[Extracted records]
▬▬▬
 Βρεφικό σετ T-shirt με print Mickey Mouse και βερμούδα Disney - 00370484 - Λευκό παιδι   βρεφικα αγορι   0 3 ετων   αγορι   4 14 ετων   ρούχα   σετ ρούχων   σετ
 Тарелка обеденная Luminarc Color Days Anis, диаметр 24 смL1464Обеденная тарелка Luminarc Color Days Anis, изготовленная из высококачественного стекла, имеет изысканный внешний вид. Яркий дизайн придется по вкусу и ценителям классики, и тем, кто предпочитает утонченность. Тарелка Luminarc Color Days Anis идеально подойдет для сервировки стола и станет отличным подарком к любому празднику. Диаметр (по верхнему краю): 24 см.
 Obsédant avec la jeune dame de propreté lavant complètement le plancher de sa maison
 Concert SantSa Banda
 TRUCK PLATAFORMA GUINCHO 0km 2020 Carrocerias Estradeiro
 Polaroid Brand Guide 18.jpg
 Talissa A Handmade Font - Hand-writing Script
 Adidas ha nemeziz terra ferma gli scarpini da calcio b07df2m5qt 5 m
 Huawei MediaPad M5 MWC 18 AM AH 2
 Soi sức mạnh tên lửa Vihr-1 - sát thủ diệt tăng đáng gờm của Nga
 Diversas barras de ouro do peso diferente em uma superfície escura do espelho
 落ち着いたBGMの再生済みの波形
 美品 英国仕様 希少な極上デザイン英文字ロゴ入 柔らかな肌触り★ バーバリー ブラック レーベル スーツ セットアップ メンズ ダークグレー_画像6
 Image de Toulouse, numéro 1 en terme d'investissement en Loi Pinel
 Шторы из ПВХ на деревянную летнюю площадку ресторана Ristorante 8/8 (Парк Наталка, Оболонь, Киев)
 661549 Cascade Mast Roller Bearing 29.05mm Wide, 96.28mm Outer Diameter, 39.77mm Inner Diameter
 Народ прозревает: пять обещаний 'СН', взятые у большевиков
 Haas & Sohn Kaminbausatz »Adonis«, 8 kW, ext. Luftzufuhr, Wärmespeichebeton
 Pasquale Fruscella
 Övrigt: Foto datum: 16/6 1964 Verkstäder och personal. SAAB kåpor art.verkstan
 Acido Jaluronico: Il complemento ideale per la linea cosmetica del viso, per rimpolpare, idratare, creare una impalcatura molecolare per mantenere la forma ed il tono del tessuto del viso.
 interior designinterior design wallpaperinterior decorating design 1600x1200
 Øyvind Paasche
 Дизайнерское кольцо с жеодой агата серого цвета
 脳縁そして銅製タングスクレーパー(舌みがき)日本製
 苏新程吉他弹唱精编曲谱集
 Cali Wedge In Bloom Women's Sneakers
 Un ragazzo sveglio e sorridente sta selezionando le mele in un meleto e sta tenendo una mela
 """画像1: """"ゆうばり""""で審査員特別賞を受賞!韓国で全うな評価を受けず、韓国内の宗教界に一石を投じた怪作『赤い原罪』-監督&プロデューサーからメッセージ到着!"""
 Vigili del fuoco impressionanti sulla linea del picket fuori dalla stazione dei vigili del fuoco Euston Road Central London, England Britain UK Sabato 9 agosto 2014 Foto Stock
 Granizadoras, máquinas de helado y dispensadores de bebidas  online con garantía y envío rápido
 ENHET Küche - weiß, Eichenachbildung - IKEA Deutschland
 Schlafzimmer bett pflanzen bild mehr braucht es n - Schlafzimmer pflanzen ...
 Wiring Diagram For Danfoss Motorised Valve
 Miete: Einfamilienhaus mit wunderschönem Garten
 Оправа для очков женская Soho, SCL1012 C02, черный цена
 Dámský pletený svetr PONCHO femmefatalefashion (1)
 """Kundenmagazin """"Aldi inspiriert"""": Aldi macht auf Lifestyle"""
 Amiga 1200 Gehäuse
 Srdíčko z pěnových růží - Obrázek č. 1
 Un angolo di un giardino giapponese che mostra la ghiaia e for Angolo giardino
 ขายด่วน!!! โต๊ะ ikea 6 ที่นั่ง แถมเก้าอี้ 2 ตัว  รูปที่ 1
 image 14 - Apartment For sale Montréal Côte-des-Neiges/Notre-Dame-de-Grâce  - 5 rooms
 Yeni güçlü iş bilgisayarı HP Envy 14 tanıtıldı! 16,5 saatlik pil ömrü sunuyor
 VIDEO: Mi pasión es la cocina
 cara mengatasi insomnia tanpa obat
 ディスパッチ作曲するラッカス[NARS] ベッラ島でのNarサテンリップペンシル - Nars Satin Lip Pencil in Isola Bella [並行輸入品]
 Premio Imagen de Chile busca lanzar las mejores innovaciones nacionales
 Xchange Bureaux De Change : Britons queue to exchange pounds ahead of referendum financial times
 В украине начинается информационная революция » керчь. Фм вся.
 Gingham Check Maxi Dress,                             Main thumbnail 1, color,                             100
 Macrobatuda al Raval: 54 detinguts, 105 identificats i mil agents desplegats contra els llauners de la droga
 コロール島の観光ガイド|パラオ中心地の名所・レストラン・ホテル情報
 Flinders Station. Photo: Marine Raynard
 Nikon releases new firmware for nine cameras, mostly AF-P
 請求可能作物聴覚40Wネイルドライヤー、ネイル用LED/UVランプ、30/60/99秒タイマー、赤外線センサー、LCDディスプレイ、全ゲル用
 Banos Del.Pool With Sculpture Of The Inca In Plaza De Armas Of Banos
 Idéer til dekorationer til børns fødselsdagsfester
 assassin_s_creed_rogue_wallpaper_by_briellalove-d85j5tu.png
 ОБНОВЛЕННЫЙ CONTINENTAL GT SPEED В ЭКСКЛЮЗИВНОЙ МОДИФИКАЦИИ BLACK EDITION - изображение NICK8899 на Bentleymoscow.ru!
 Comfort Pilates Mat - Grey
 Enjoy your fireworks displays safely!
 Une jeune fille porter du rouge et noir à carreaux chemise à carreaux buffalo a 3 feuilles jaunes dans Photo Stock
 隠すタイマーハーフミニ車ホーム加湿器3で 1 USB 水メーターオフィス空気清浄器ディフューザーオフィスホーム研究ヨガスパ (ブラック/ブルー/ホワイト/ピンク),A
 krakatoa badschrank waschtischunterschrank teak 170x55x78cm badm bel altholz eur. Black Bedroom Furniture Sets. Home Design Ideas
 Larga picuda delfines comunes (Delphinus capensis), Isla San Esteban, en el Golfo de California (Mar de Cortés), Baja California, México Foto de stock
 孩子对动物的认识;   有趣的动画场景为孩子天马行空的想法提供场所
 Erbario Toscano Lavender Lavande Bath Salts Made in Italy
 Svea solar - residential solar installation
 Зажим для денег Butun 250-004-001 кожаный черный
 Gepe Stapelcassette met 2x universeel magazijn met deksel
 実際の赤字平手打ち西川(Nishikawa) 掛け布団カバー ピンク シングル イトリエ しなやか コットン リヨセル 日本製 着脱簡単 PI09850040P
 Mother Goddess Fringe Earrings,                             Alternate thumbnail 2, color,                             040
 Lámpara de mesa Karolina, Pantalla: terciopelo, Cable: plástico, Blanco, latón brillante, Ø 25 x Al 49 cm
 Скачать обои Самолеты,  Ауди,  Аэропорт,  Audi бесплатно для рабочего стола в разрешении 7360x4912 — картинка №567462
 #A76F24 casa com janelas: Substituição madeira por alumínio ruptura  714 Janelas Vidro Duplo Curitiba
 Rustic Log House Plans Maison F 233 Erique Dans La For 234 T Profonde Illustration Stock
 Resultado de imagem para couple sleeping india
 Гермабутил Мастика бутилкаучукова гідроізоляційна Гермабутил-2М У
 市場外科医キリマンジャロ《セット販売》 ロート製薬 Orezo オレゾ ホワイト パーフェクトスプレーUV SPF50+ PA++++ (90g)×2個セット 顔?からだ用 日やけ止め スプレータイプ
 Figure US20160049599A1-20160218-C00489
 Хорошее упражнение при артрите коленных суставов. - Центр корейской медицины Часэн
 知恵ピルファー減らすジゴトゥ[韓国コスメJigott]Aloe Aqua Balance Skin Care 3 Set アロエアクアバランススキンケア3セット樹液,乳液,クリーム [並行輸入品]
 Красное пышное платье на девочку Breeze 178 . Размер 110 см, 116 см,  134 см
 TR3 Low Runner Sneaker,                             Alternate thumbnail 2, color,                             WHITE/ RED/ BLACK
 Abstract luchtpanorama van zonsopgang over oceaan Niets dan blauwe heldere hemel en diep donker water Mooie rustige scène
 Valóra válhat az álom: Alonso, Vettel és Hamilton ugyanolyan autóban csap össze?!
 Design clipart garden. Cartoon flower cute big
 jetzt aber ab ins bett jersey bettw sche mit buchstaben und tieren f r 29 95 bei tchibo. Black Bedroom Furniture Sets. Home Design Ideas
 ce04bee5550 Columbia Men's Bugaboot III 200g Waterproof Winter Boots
▬▬▬
### [Work order]
Reproduce exactly the entries above, limited to the lines from the one with "Gingham Check Maxi" through the one with "assassin_s_creed_rogue_wallpaper_by_briellalove-d85j5tu.png", both included.

### [Response area]
 Gingham Check Maxi Dress,                             Main thumbnail 1, color,                             100
 Macrobatuda al Raval: 54 detinguts, 105 identificats i mil agents desplegats contra els llauners de la droga
 コロール島の観光ガイド|パラオ中心地の名所・レストラン・ホテル情報
 Flinders Station. Photo: Marine Raynard
 Nikon releases new firmware for nine cameras, mostly AF-P
 請求可能作物聴覚40Wネイルドライヤー、ネイル用LED/UVランプ、30/60/99秒タイマー、赤外線センサー、LCDディスプレイ、全ゲル用
 Banos Del.Pool With Sculpture Of The Inca In Plaza De Armas Of Banos
 Idéer til dekorationer til børns fødselsdagsfester
 assassin_s_creed_rogue_wallpaper_by_briellalove-d85j5tu.png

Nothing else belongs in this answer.